Required action - Look for the line with "Copy and paste" in the data below, then reproduce word for word that line and every line after it. Leave out all pictures and add nothing.

Data -
━━━

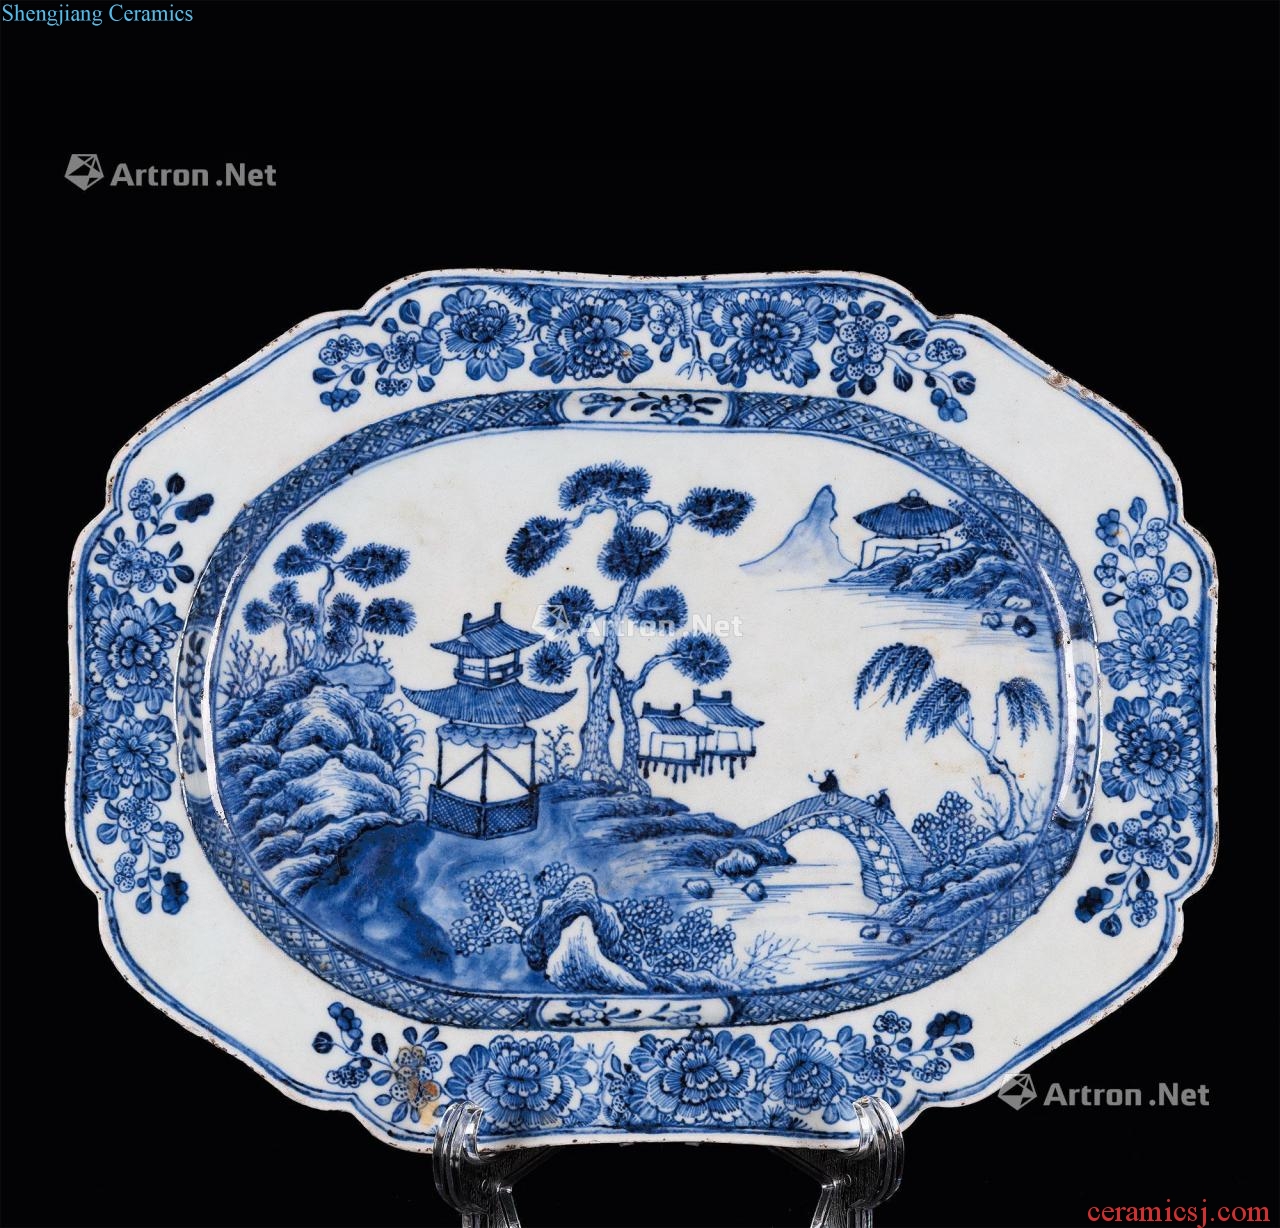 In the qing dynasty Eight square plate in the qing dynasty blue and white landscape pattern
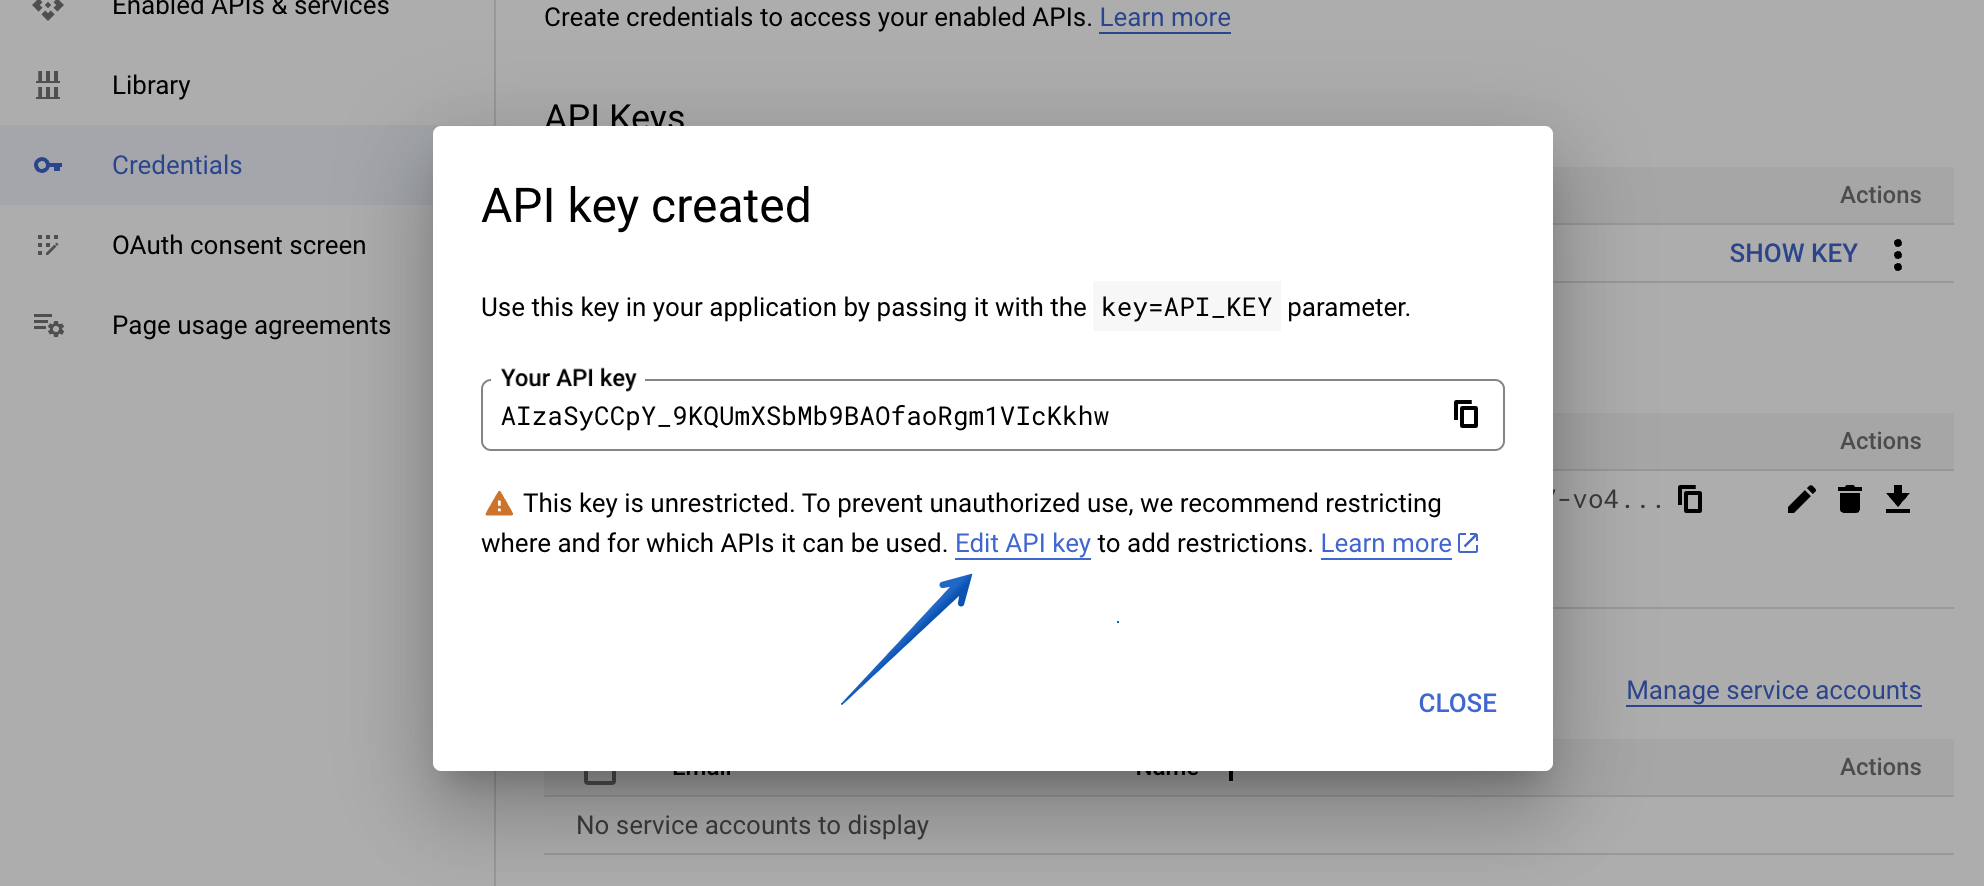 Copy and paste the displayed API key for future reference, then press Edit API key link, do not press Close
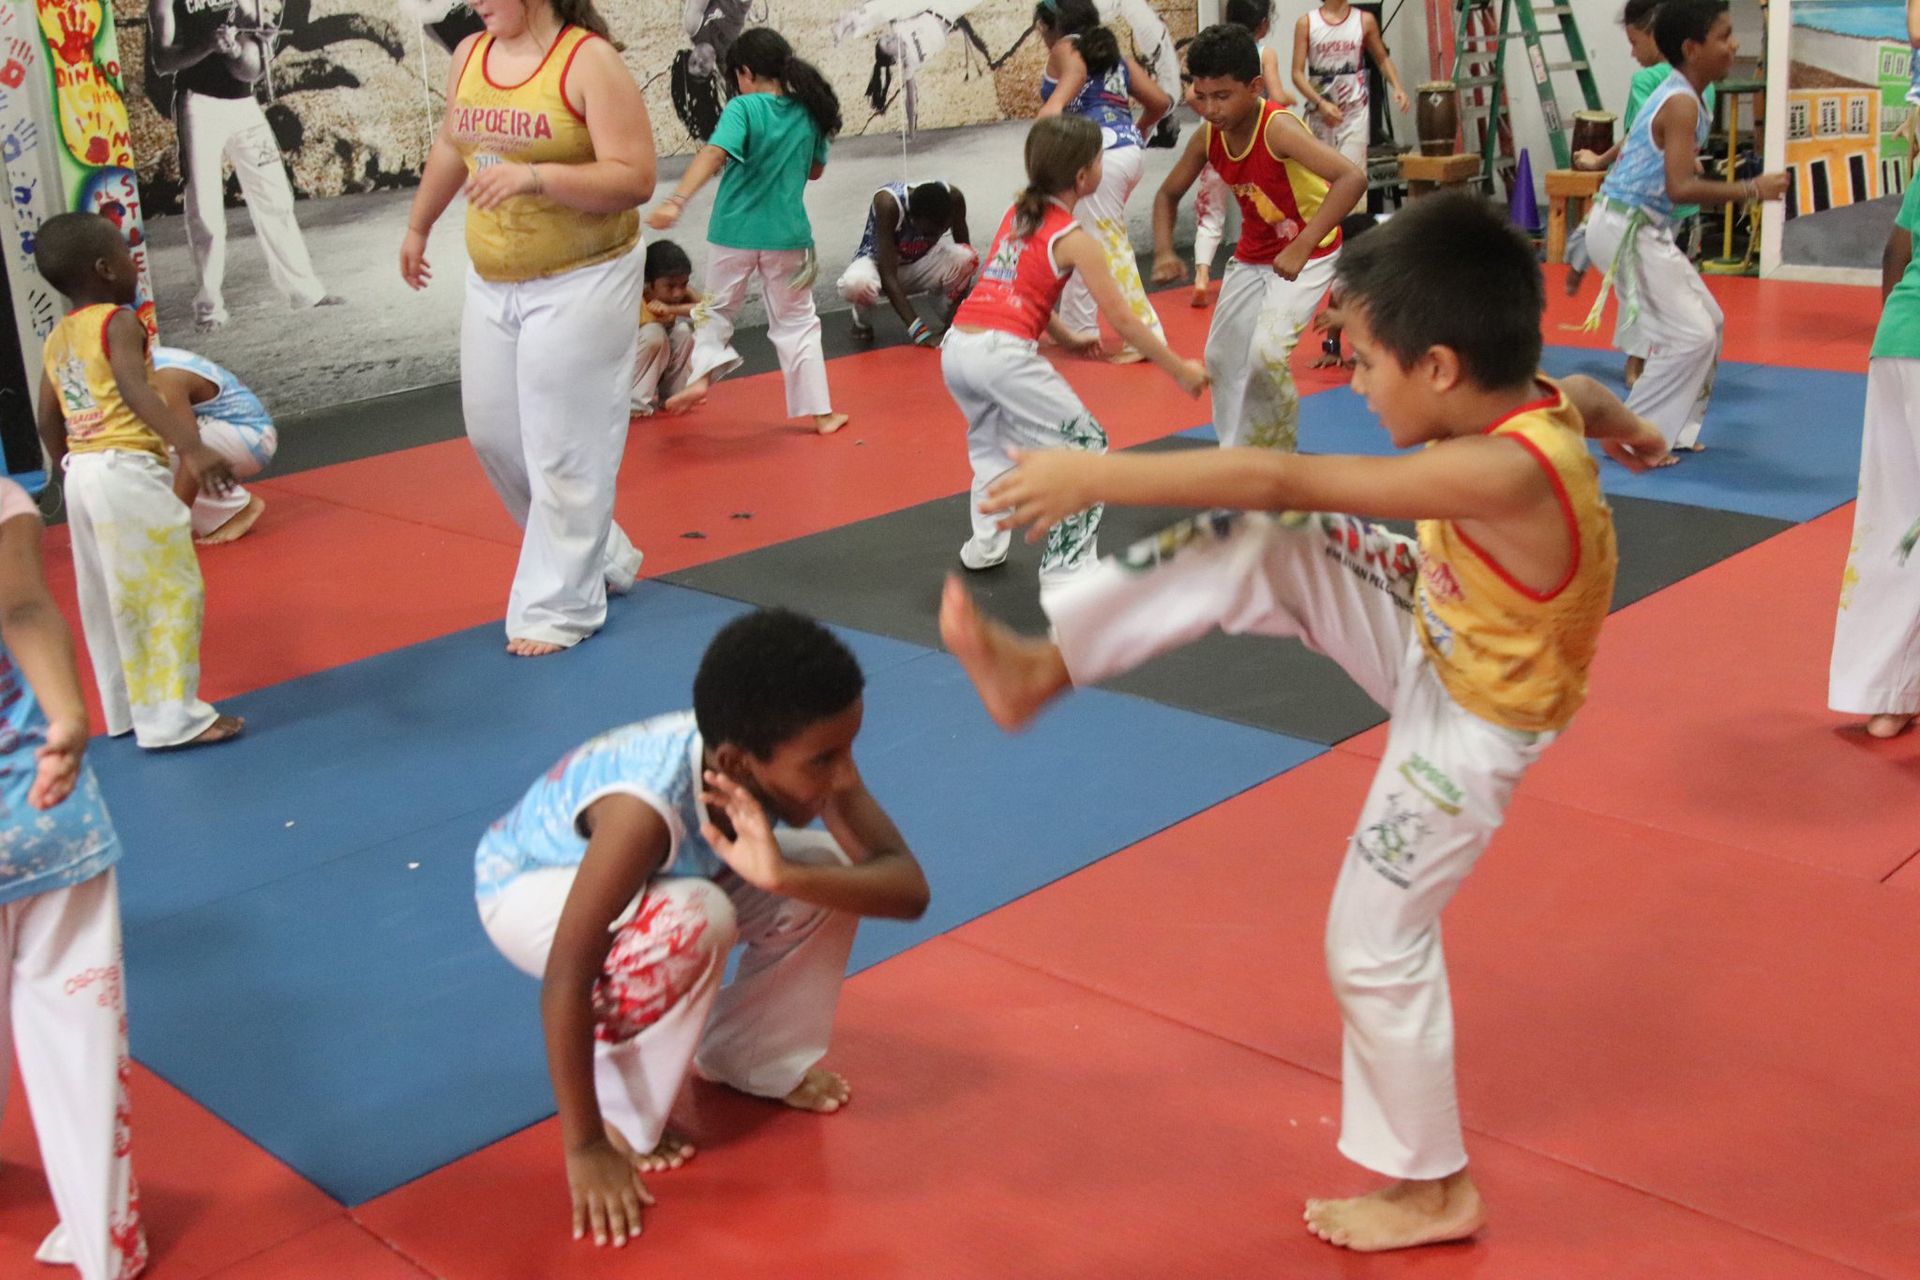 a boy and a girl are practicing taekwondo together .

━━━

Problem solution -
 Copy and paste the displayed API key for future reference, then press Edit API key link, do not press Close
 a boy and a girl are practicing taekwondo together .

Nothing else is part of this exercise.